In Broadcast News, Hurt’s Grunick character is portrayed/characterized as “the Devil” — the good-looking smoothie who’s good as selling news and taking down our standards, bit by little bit. He also rationalizes his actions by saying that the news business keeps moving the marker for what is ethical and unethical, and so on.
But — let’s face it — if Tom Grunick and McAdams’ Becky character were to work together, they’d probably get along. She’d enjoy his attitude and personality and find him a nice and amiable professional. She obviously has a problem with Ford’s grumpy Mike Pomeroy (attitude and personality clash), but she and Grunick, I think, would understand each other completely. This is a woman, remember, who’s half into the idea of doing a segment on Pomeroy getting a prostate examination.
Another thing that Broadcast News had was a semblance of a romantic triangle. Holly Hunter wanted to sleep with Hurt, and liked/loved Albert Brooks as a friend. But there’s also a curious romantic triangle in Morning Glory. McAdams/Fuller has sex and evening dinners with Patrick Wilson, but the genuinely driving and “meaningful” relationship she has is with Ford/Pomeroy. Sex with Wilson is strictly a sideline thing, and yet Wilson (unlike Adrien Grenier‘s character in The Devil Wears Prada) never complains about this. He even suggests at the finale that she accept Ford’s offer of an invitation (“He won’t ask twice”).
Love and Other Drugs, I regret to say, didn’t play quite as well the second time.
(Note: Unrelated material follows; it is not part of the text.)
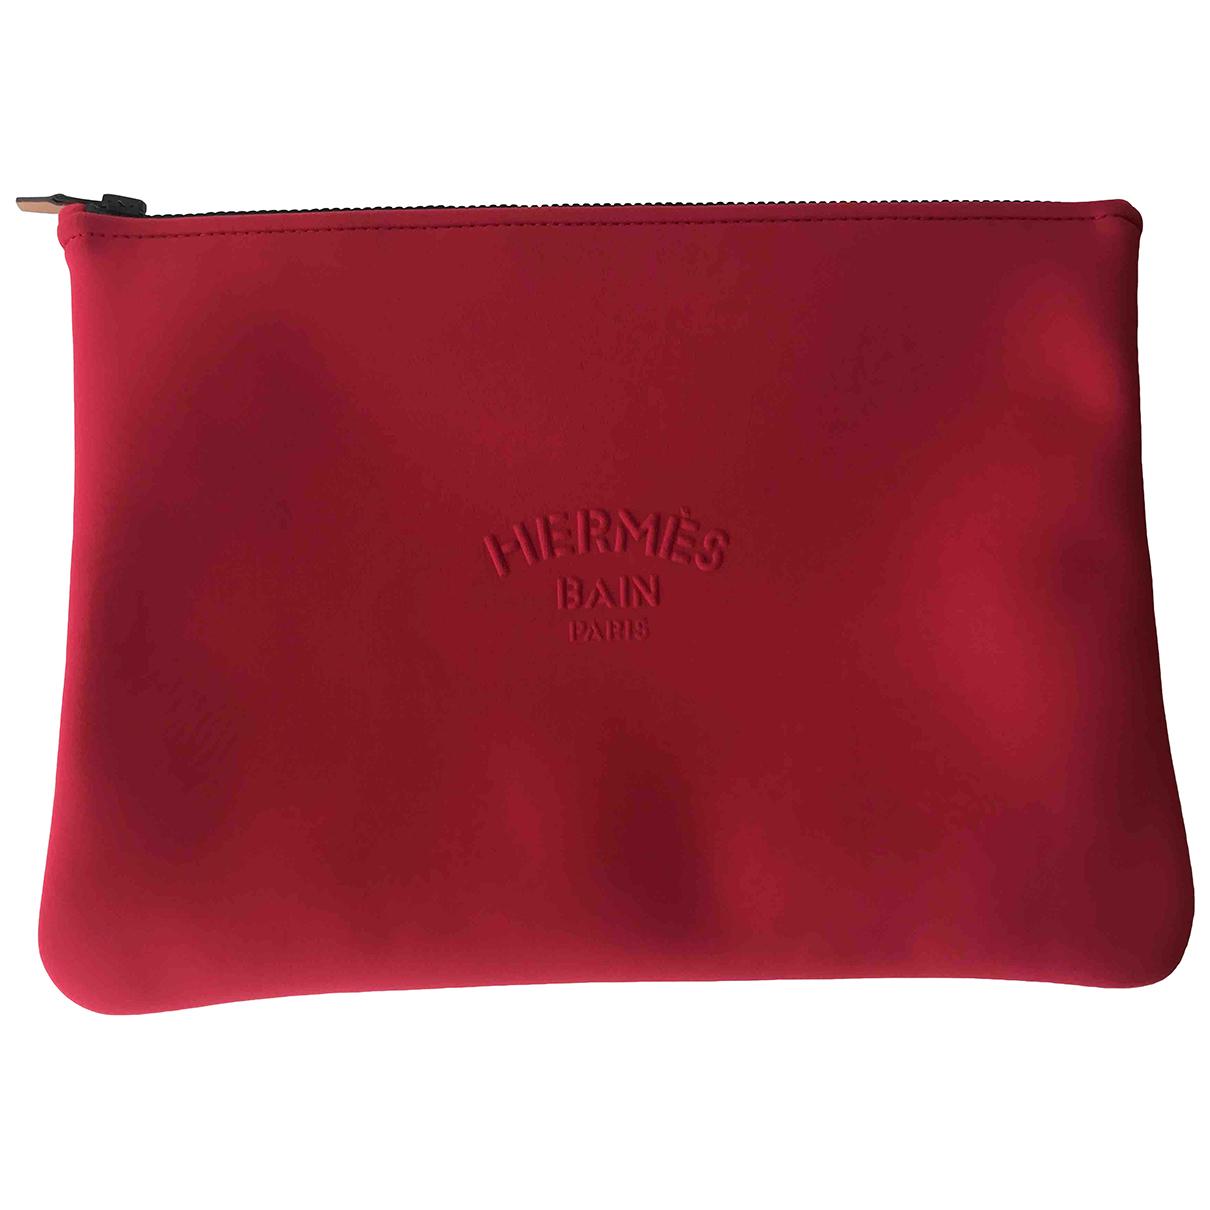 Hermès \N Red Cloth Clutch bag for Women \N

I’m still a genuine, whole-hearted fan of Anne Hathaway ‘s performance, but my difficulties with Josh Gad got worse and worse as I began to grumble and moan and shift in my seat when he appeared. My first thought was that it wouldn’t have been a problem if Gad has been picked off with a high-powered rifle. But other scenarios began to take shape in my mind. Gad being hit by a speeding bus, poisoned, garroted by a waiter, stabbed in the shower. No, not the shower.